CONCLUSION A WAY FORWARD FOR TORONTO’S TAXI INDUSTRY
……………………………………………………………………………………………………………………………………….. This document presents a coherent set of proposals that would reform Toronto’s taxi industry for the betterment of drivers, passengers and the city as a whole. These proposed reforms have been crafted and presented by Toronto’s taxi drivers. However, these proposals were not driven solely by self-interest but out of a desire to improve the taxi industry for drivers and customers. Despite working hard with little economic or social reward, Toronto’s taxi drivers take great pride in their work and truly want to serve their customers well. However, as drivers know better than anyone, true customer service will only come when drivers’ basic needs are met. These needs can only be met by municipal regulations that encourage basic safety and fair economic gains for hardworking drivers. In Toronto’s current taxi industry, thousands of hardworking drivers work very long hours doing very dangerous work, yet they still earn very little. Unlike most workers, they lack a social safety net of any kind and have no mechanism of saving for retirement. The end result is that drivers feel insecure, rushed and stressed on the job. Customer service inevitably suffers. On the other hand, those who may never drive a taxi themselves - the absentee and multi-plate owners and agents - reap the financial rewards of this system. With razor thin profit margins divided amongst so many stakeholders, drivers are increasingly pushed towards the edge. Ultimately, the City is responsible for how its taxi industry functions, and, to a large extent, for what drivers’ lives are like. The 1998 Task Force and the introduction of a new type of licence has provided, in essence, a unique experiment in different systems. If anything, the continuing struggles of all taxi drivers during this period have demonstrated that neither system – the Standard or Ambassador – is able to address driver concerns. However, each system does have clear advantages and disadvantages. The iTaxiworkers have attempted to craft a vision of a taxi industry that capitalizes on the strengths of each system, while sidestepping the weaknesses. This innovative, hybrid approach would make the system better for everyone: the drivers, the customers and the city as a whole.

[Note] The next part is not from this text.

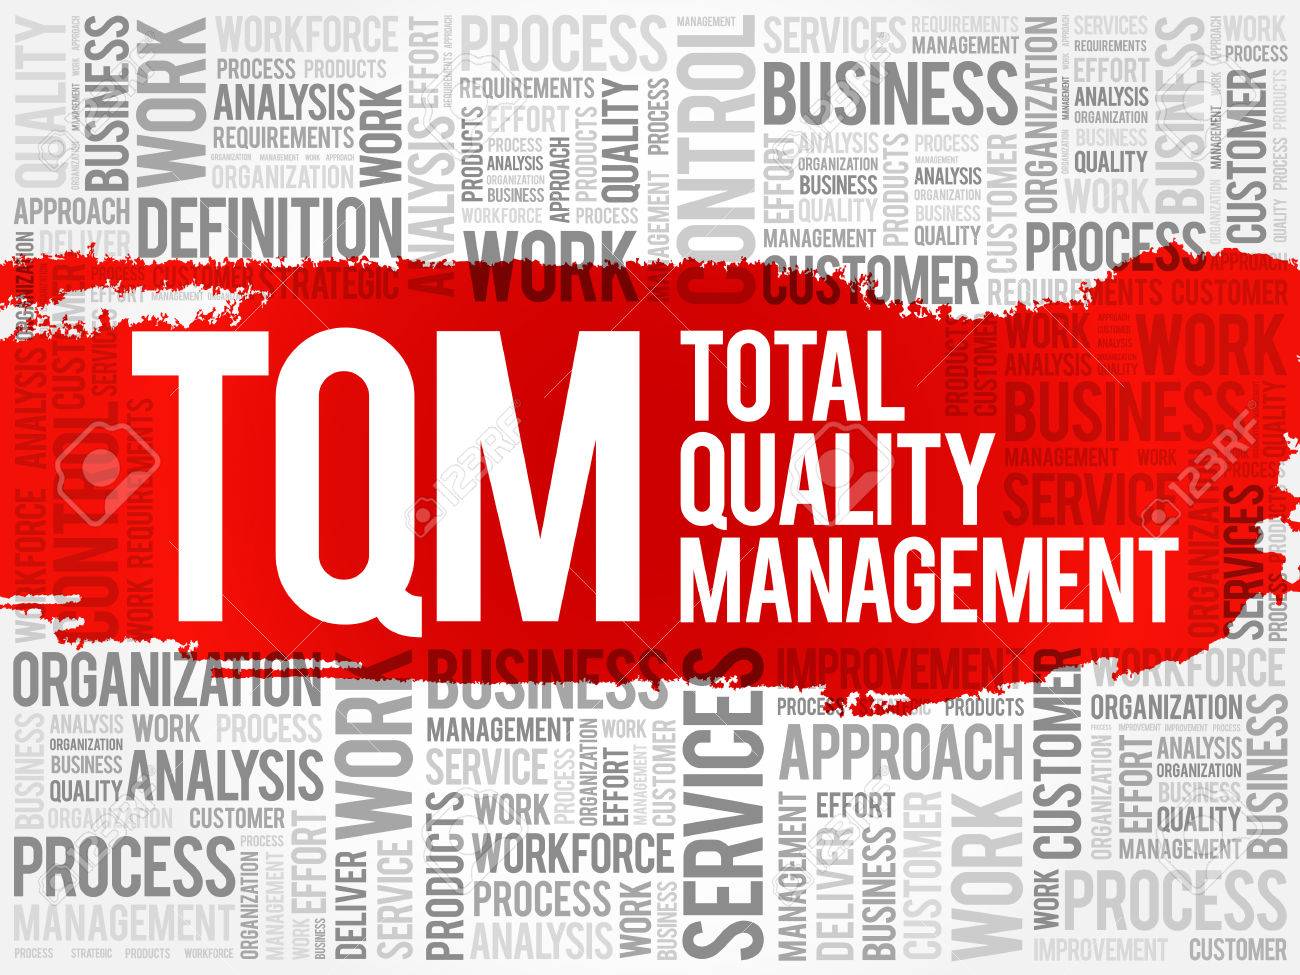 Total Quality Management Masterclass (TQM)
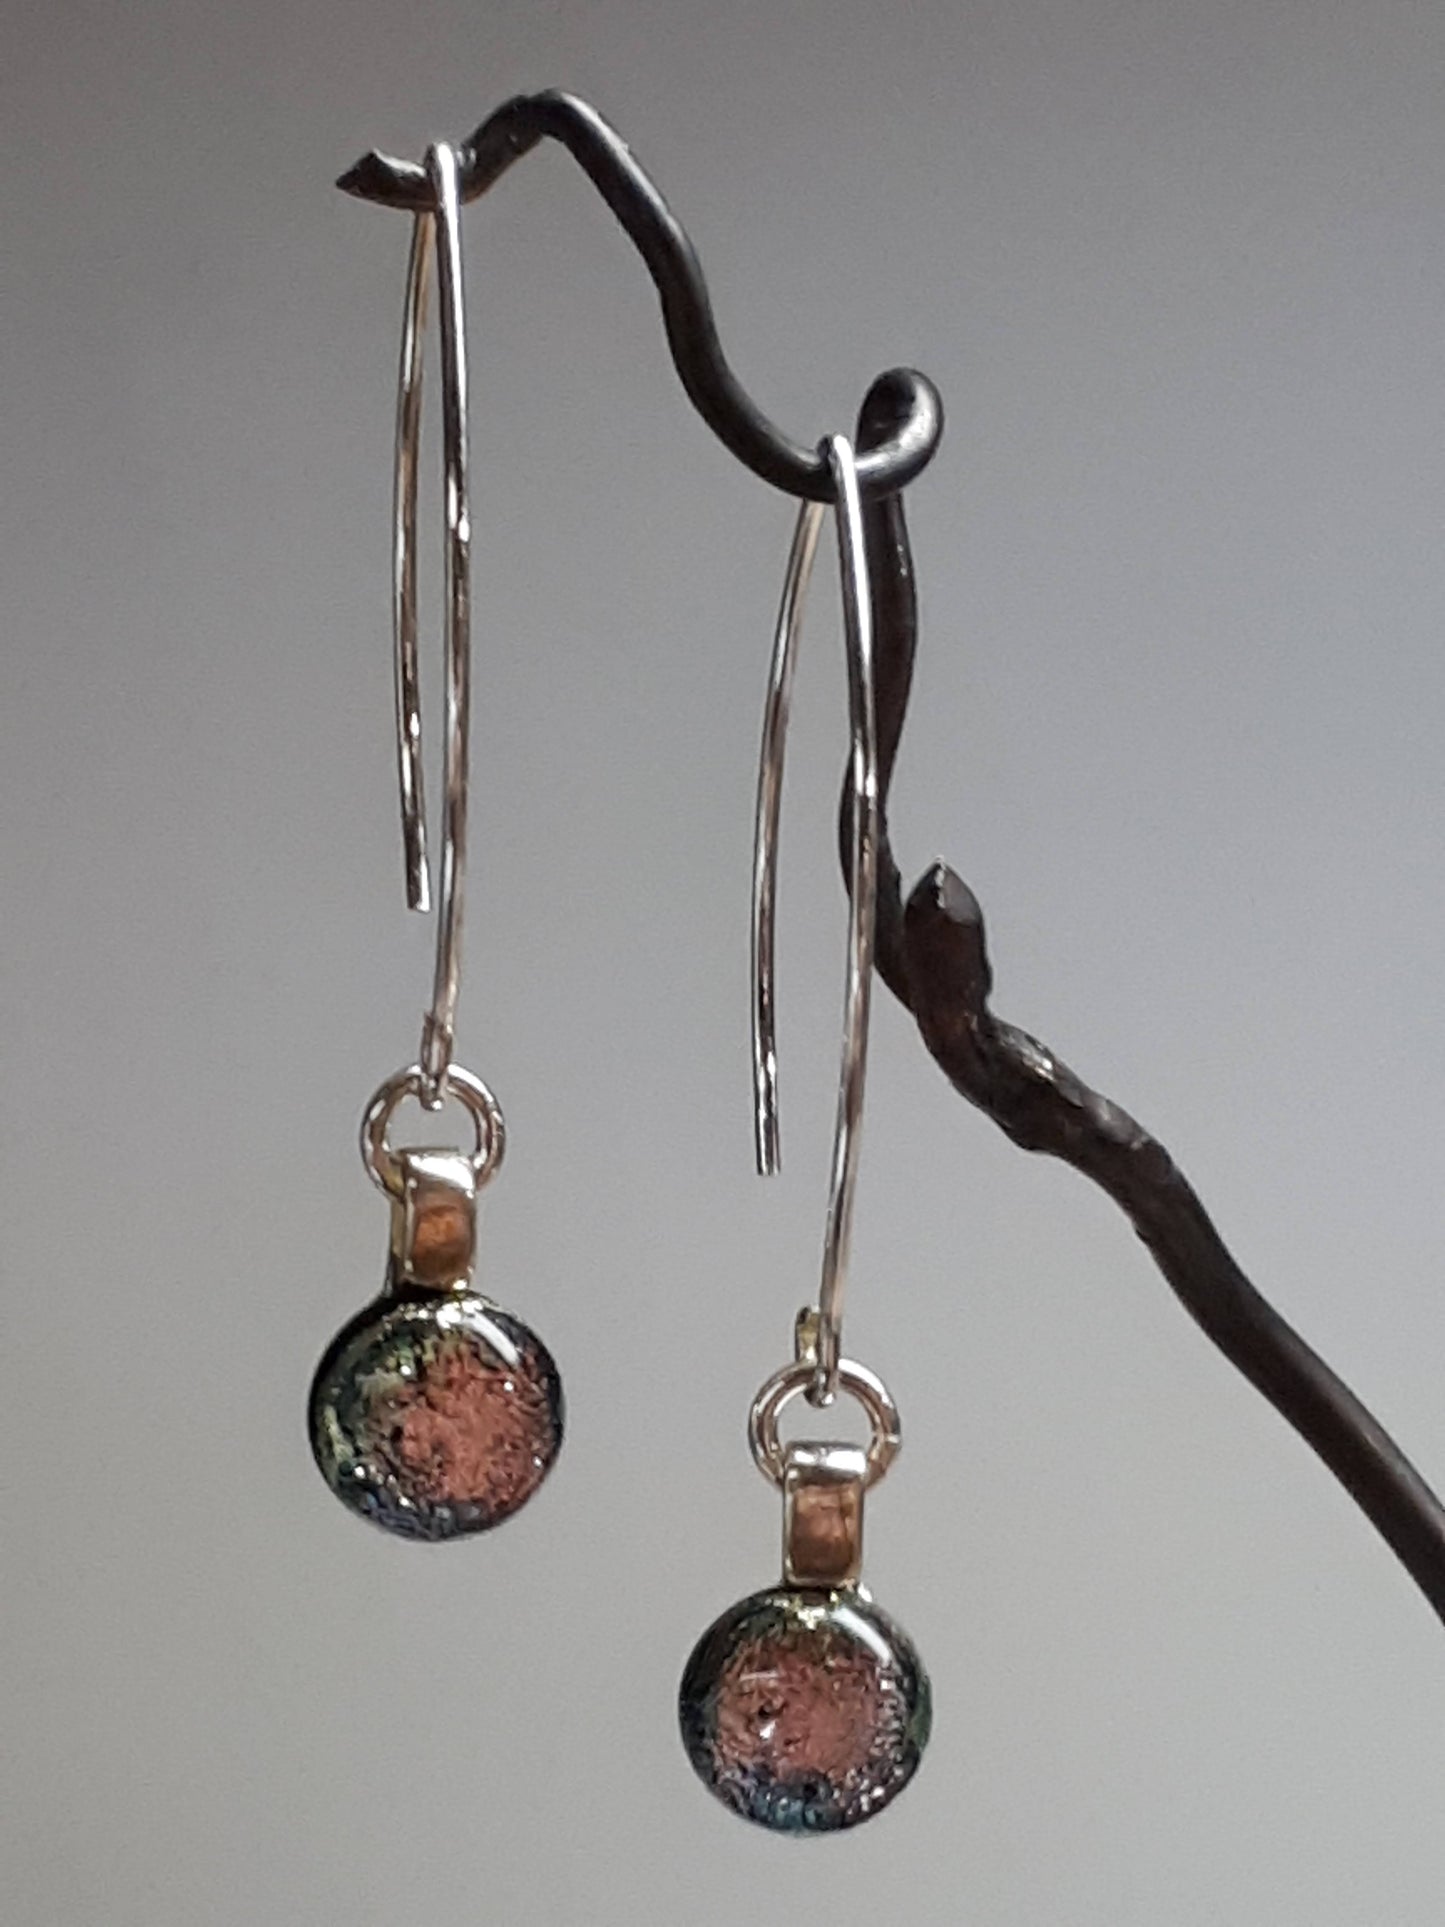 Beautiful handmade glass jewelry - Hanscomb Glass lightweight earrings

If the City fails to address the need for reform now, the taxi industry in Toronto will continue to spiral downwards, both for taxi drivers and for the public. Taxi work is an important, frontline service. A well functioning taxi industry will benefit the city as a whole and contribute to Toronto’s rise as a global destination. Such an industry depends on finding innovative solutions that benefit all of the industry’s stakeholders, drivers included. The City should complete the good work that was begun by the 1998 Task Force and adopt the proposals put forward by the iTaxiworkers in this document. Again, we thank you for the opportunity to participate in this consultation and ask that you consider our proposals carefully.